My use case is that I have to download approx 100+ files from various resources in my application to create the final product. Even if one file is not downloaded or missing, the final product won't be created. One way to resolve the issue is to download only the missing or resume from a partial download. While it is not an issue to re-download all files again, the time taken and overall size of downloaded files would be a huge down for me.

I don't think I will ever support alternative download engines, especially not ones which require shelling out to a binary.

I understand the reason why you won't be implementing this feature.

I have limited exposure to aiohttp library. However, reading from various web resources indicates that it is possible to implement a partial resume of download. One good example is given here https://stackoverflow.com/questions/58448605/download-file-with-resume-capability-using-aiohttp-and-python for aiohttp and https://stackoverflow.com/questions/22894211/how-to-resume-file-download-in-python for general downloader engine.

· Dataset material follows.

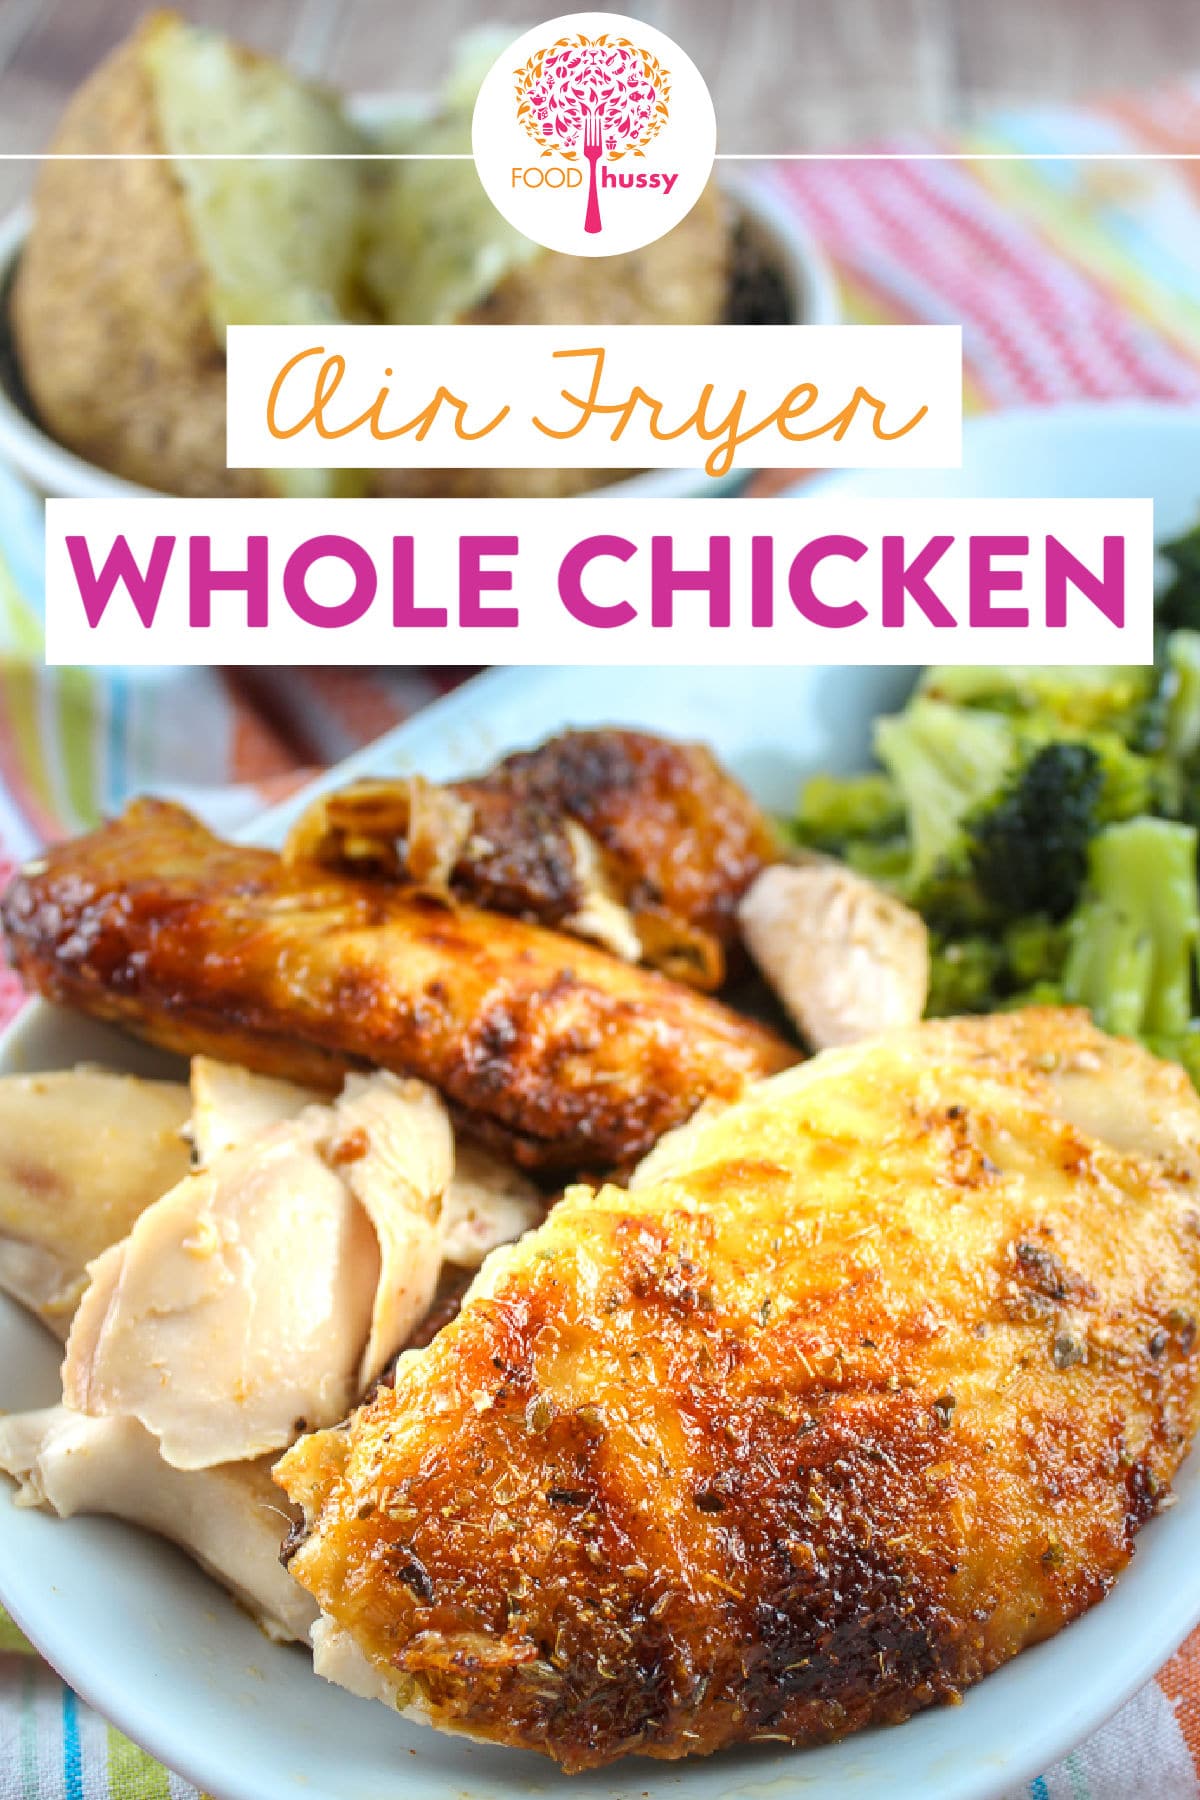 Making a whole chicken in the air fryer is super simple and makes the juiciest, most delicious chicken you'll ever have. It's great night one with mashed potatoes and veggies - but the leftovers are even better! They're perfect for sandwiches, casseroles and more!  via @foodhussy

Additional references are given here as well https://stackoverflow.com/questions/12243997/how-to-pause-and-resume-download-work.

If you can implement this feature, it would be of great help and excellent value addition for parfive as I have not seen any other similar libraries giving this feature.

Thank you in advance.

Cadair commented 7 months ago

One way to resolve the issue is to download only the missing

retry should do this for you.

dl = Downloader()
dl.enqueue_file("http://data.sunpy.org/sample-data/predicted-sunspot-radio-flux.txt", path="./")
files = dl.download()
if files.errors:
    dl.retry(files)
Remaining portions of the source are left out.